Stunt Driver, To truly learn is by doing. I take stock in what you said based on the fact that you are actually trying something. Over the years most of what I have read about battery desulfators has been on the negative side(no pun intended). rmay, This is not a challenge to your claims but do you have an idea of how much longer you have extended the life of your batteries? I just got my third 144 volt pack of T-875 Trojans. The last two lasted 3 years six months with over 550 cycles mostly from 50% DOD. All I did with those was keep them clean and watered with an equalization about every tenth charge. I have over 250 miles on the new pack now. I just went out and looked at the chart and was surprised to see I had that many miles already in three weeks. I have charged it 18 times. If I were to try a desulfator when should one start? From the beginning or wait months or years before starting? I am sort of answering this by guessing it would be easier to keep clean plates clean than have to chip through a thicker crust of that nasty stuff Later. Yes? No? Ok so I read the second page before I posted this. I’m not going to delete any of it just add a final thought. Conclusion; We still don't know for sure if these things really work or not. To buy one at any price and hook it up is still a crap shoot. You win some and lose some.


----------



## MN Driver (Sep 29, 2009)

This isn't my EV but it does belong to a member here, vpoppv. He had described his adventure with the Wizbang on the batteries in his $535.78 EV. His batteries were group 24 sized cores from a boat shop that he got for $7 each. He tossed a few batteries that were shot for good and then keeps a Wizbang on the worst one, reading through the blog at the bottom of his EVAlbum.com page tells the story. It seems to be working for him with the 31mph at 2/5 throttle(1970 ohms) with 6 mile range he needs on batteries that other people had given up on.

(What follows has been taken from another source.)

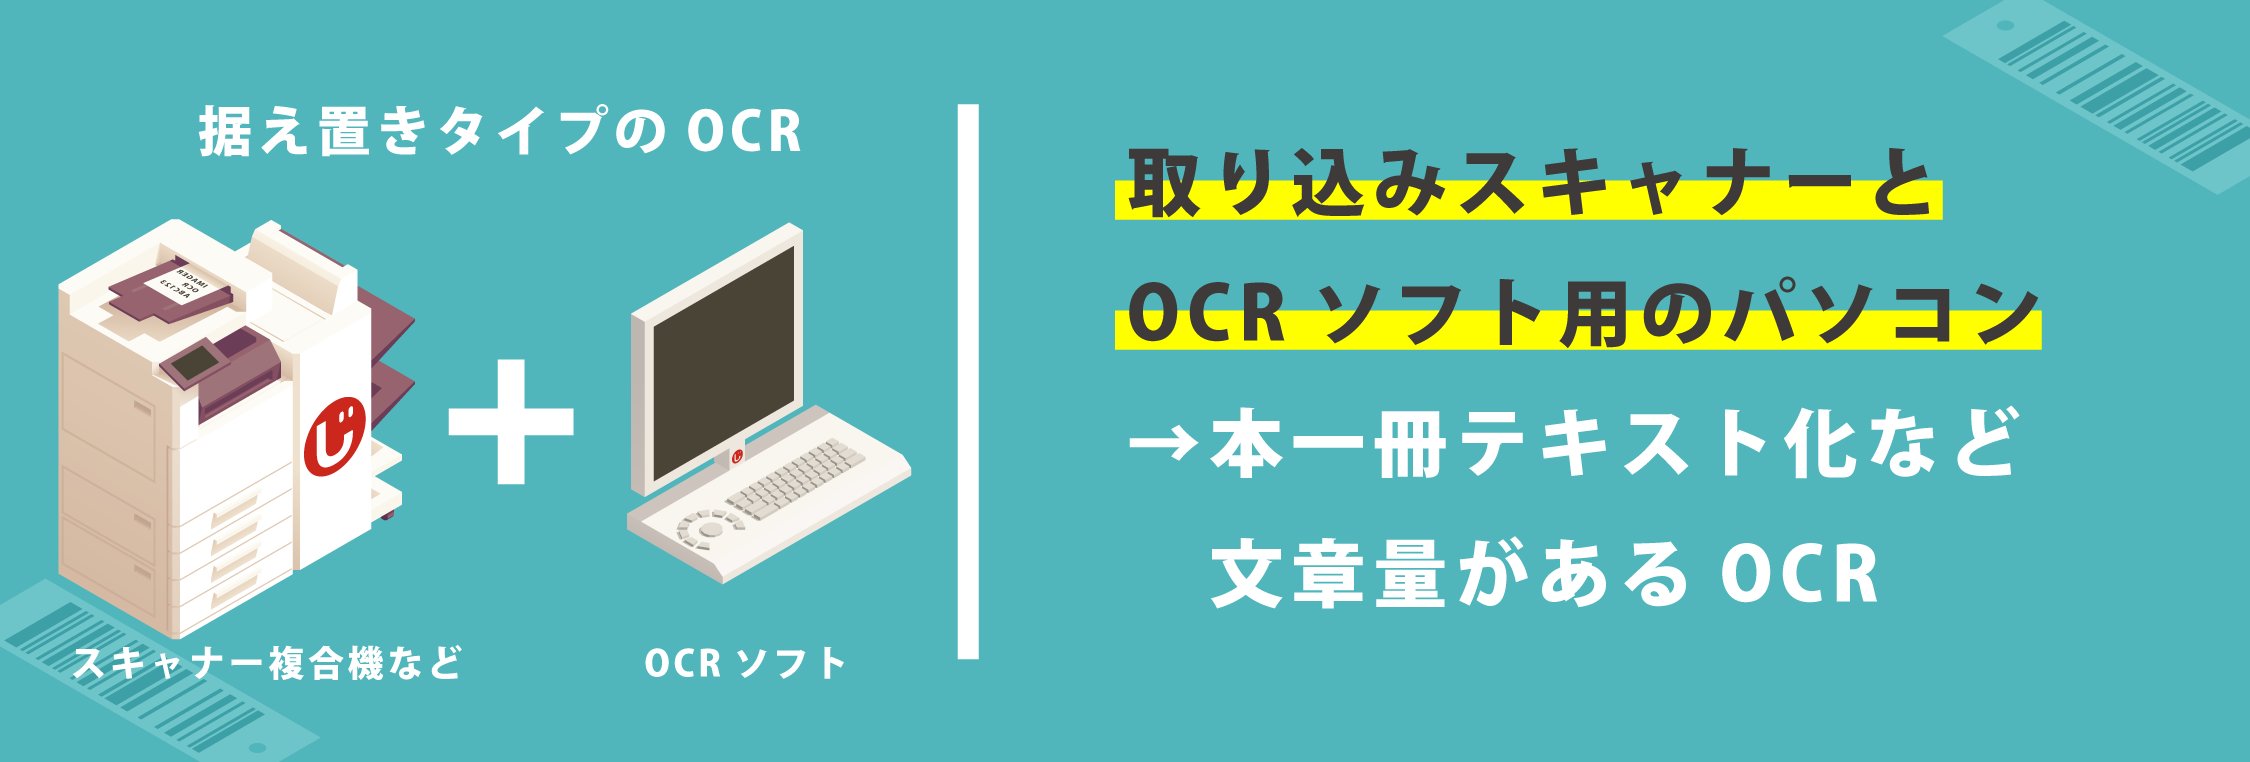 ocr_history

http://www.evalbum.com/2958
http://www.diyelectriccar.com/forums/showthread.php?t=34523


His second EV, currently in progress
http://www.diyelectriccar.com/forums/showthread.php/ev2-1986-toyota-corolla-37829.html


----------



## rmay635703 (Oct 23, 2008)

notmrwizard said:


> Stunt Driver, To truly learn is by doing. I take stock in what you said based on the fact that you are actually trying something. Over the years most of what I have read about battery desulfators has been on the negative side(no pun intended). rmay, This is not a challenge to your claims but do you have an idea of how much longer you have extended the life of your batteries?
> 
> You win some and lose some.


I have tried many things, trouble is I always did it coupled with other methods.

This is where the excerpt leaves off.